If you think my day of indulgence ended there, it didn’t.  I adjourned with Henry to a toasty bar beneath Covent Garden for hot chocolate.  After he left I wrote and posted some Christmas cards, then headed toward the Strand where I happened upon a charming café called Il Tempo serving traditional Italian aperitivo.  Sitting at the little bar (a quiet haven compared to pubs at this time of year) I met two chaps who’d been indulging their own passions at a pop-up restaurant temporarily housed on the top of the Royal Festival Hall.  Sponsored by Electrolux presenting Michelin Star Chefs such as Daniel Clifford, this glass kitchen, with eighteen seats and stunning views over London, has proven so popular with executives and foodies they’ve left it operating far longer than expected.  Over a glass of Italian red, which these nice gentlemen purchased for me, I got a detailed explanation of The Cube’s rich tasting menu - course after indulgent course for Andy and Jon the equivalent of the variations and acts I’d been enjoying at the ballet.   

My day of indulgence wasn’t yet over.  For I then rushed down the street smelling of truffle and garlic salami, under the arches to the Charing Cross Theatre, better-known as the Players, to see the OperaUpClose production of La Bohème directed by Robin Norton-Hale.  Dan was looking at his watch as I rushed in the door with the foyer bell ringing.  He’s an investor in the production and, as it happens, we first met in the bar at the Kings Head during the Carmen season.  We’ve seen many shows around London in recent months, separately and together, and it’s great to have a play-mate who loves the theatre as much as I do.  I was pleased to see this production of La Bohème again, this evening with a different cast, and enjoy the purity of tone of Susan Jiwey’s Mimi and the erratic passion of Phillip Lee’s Rodolfo.  It isn’t easy to sing opera in English – far too many consonants – but the translation brings out much of the libretto’s tension and humour, and the intimate experience of young, talented singers, bringing characters to life with realism rather than reverence, is a refreshing compliment to traditional interpretations of much-loved scores.    

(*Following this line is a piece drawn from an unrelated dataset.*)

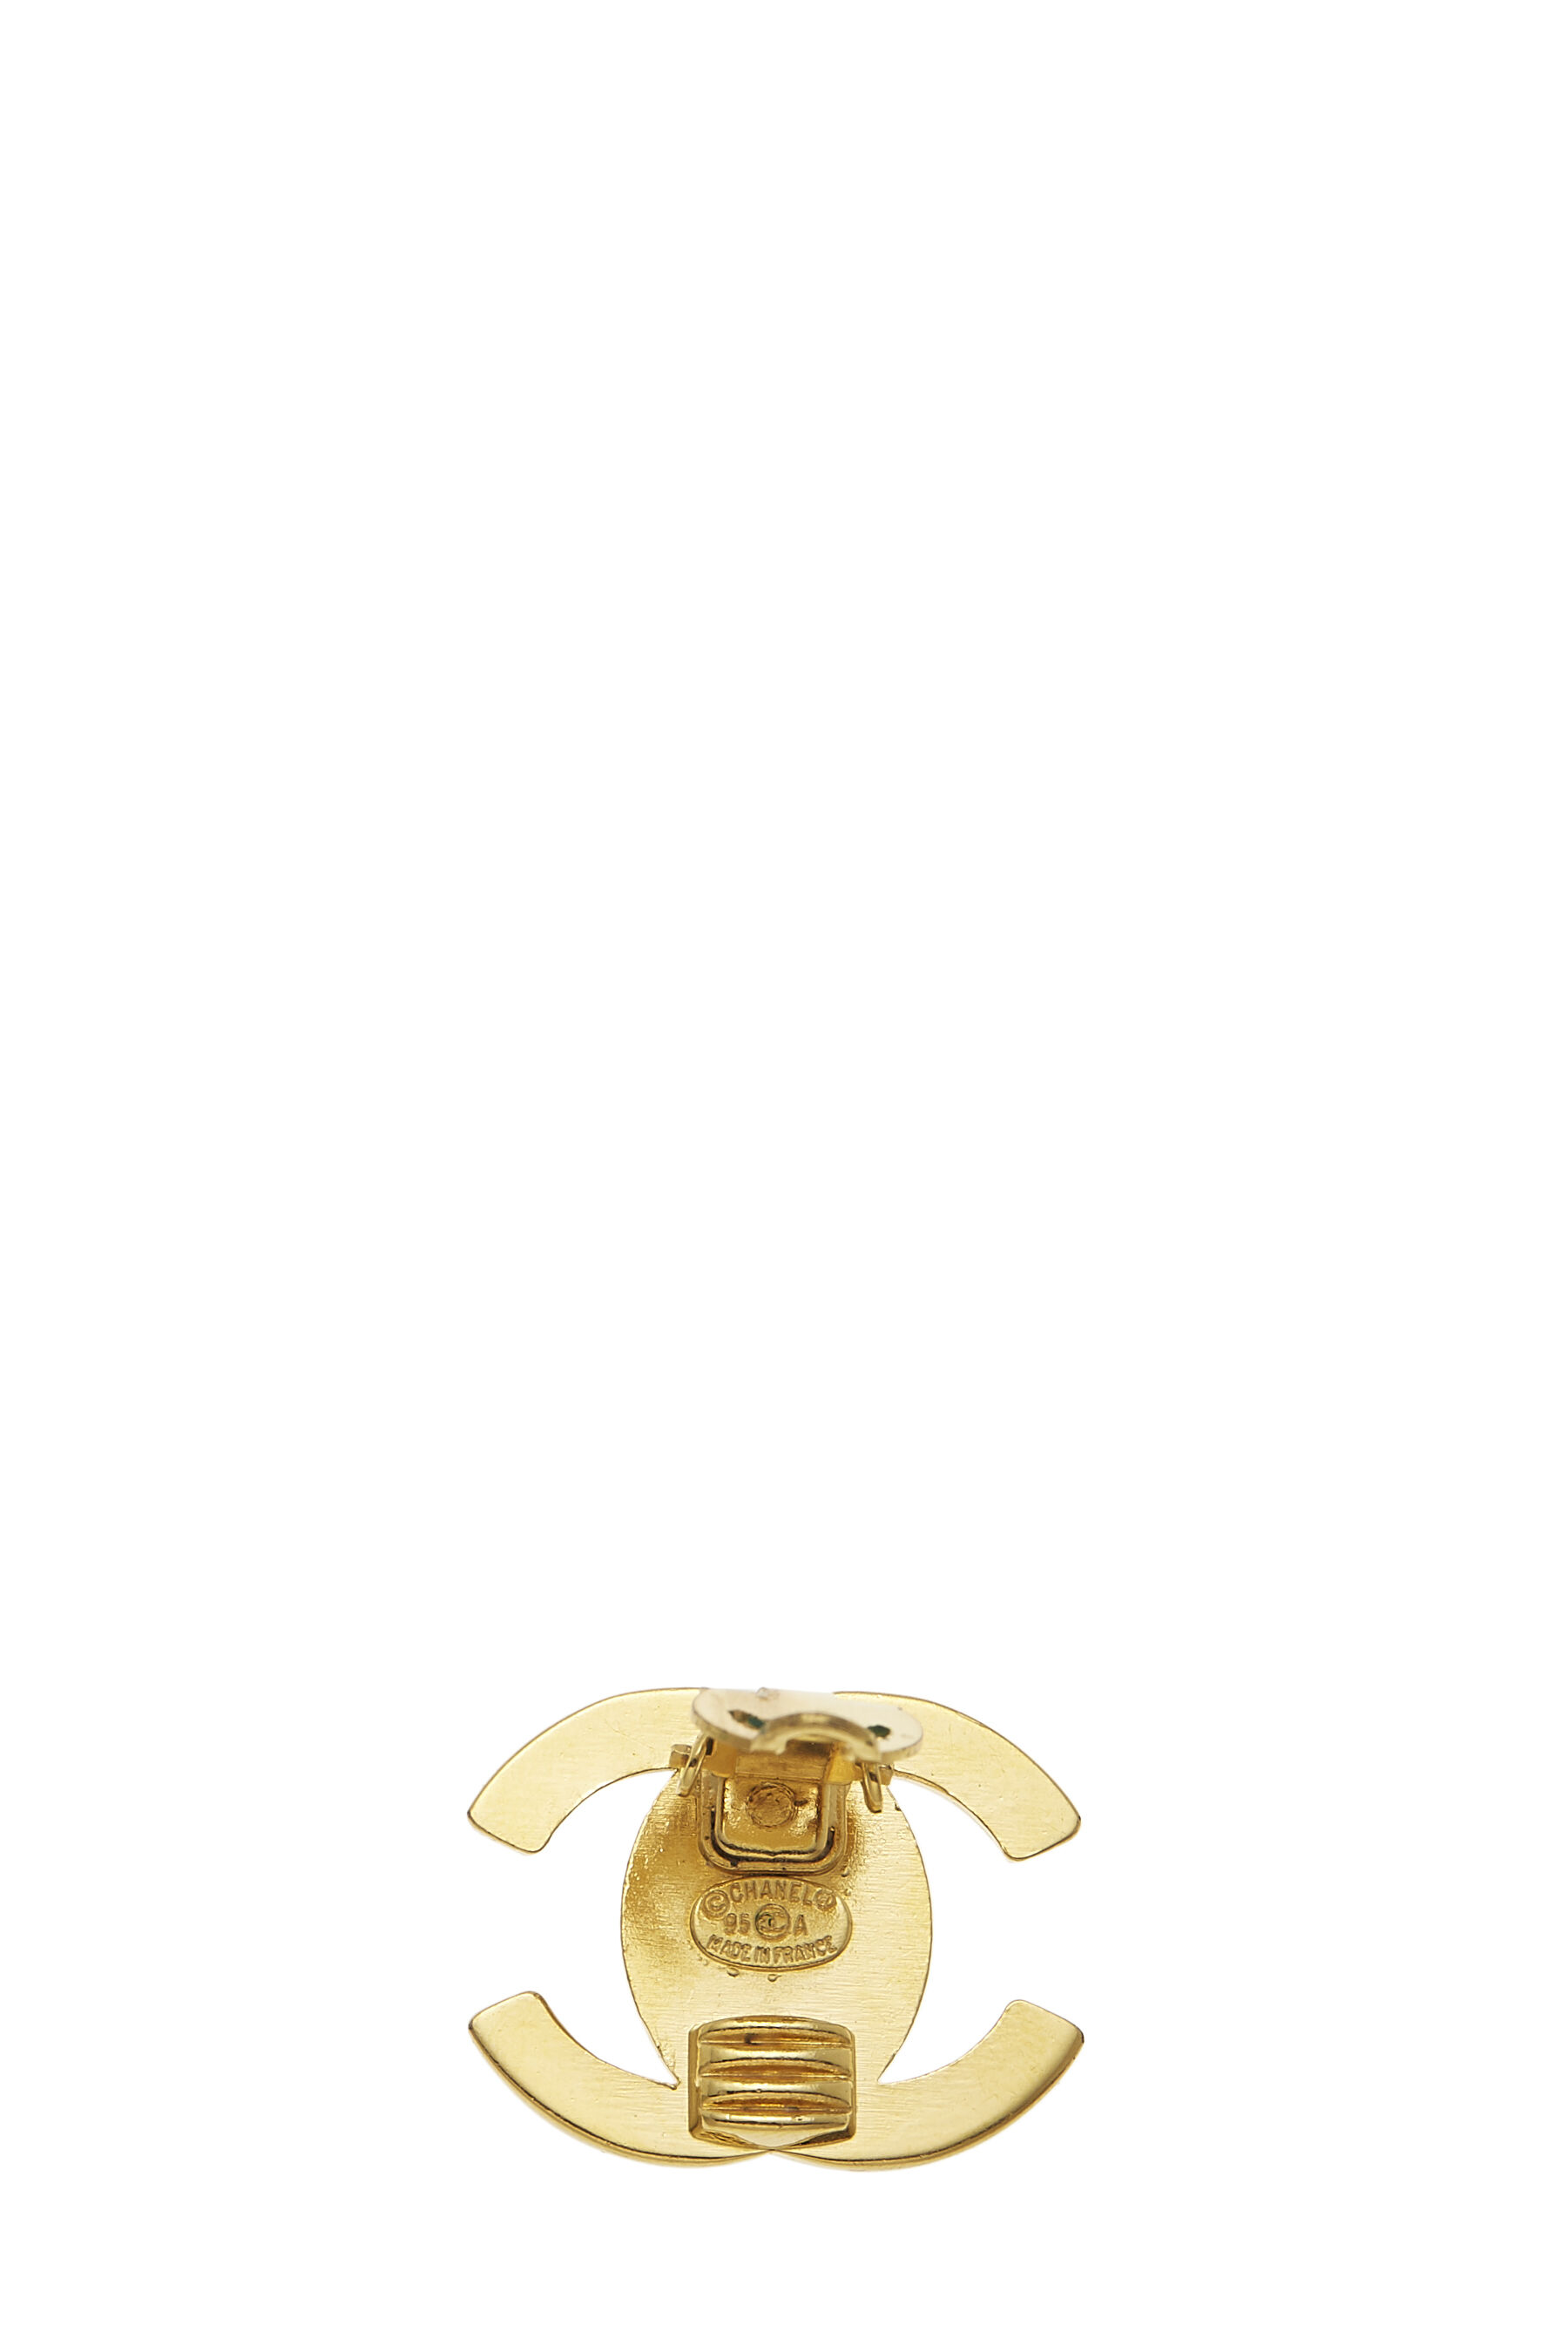 Chanel Gold 'CC' Turnlock Pin Large Q6J0NM17D5048

As I walked home that evening, there were drunks and Christmas party revellers everywhere.  Yet in my head there was only space for the tones of my own dear father’s voice, walking around our family lounge-room singing Che Gelida Manina with exceeding warmth and tenderness.  I suppose when you’ve grown up with splendid renditions of Your Tiny Hand is Frozen as part of your daily routine, are taken to the Opera House and encouraged to study drama and music, it was highly likely I’d become an indulgent consumer and practitioner of the arts.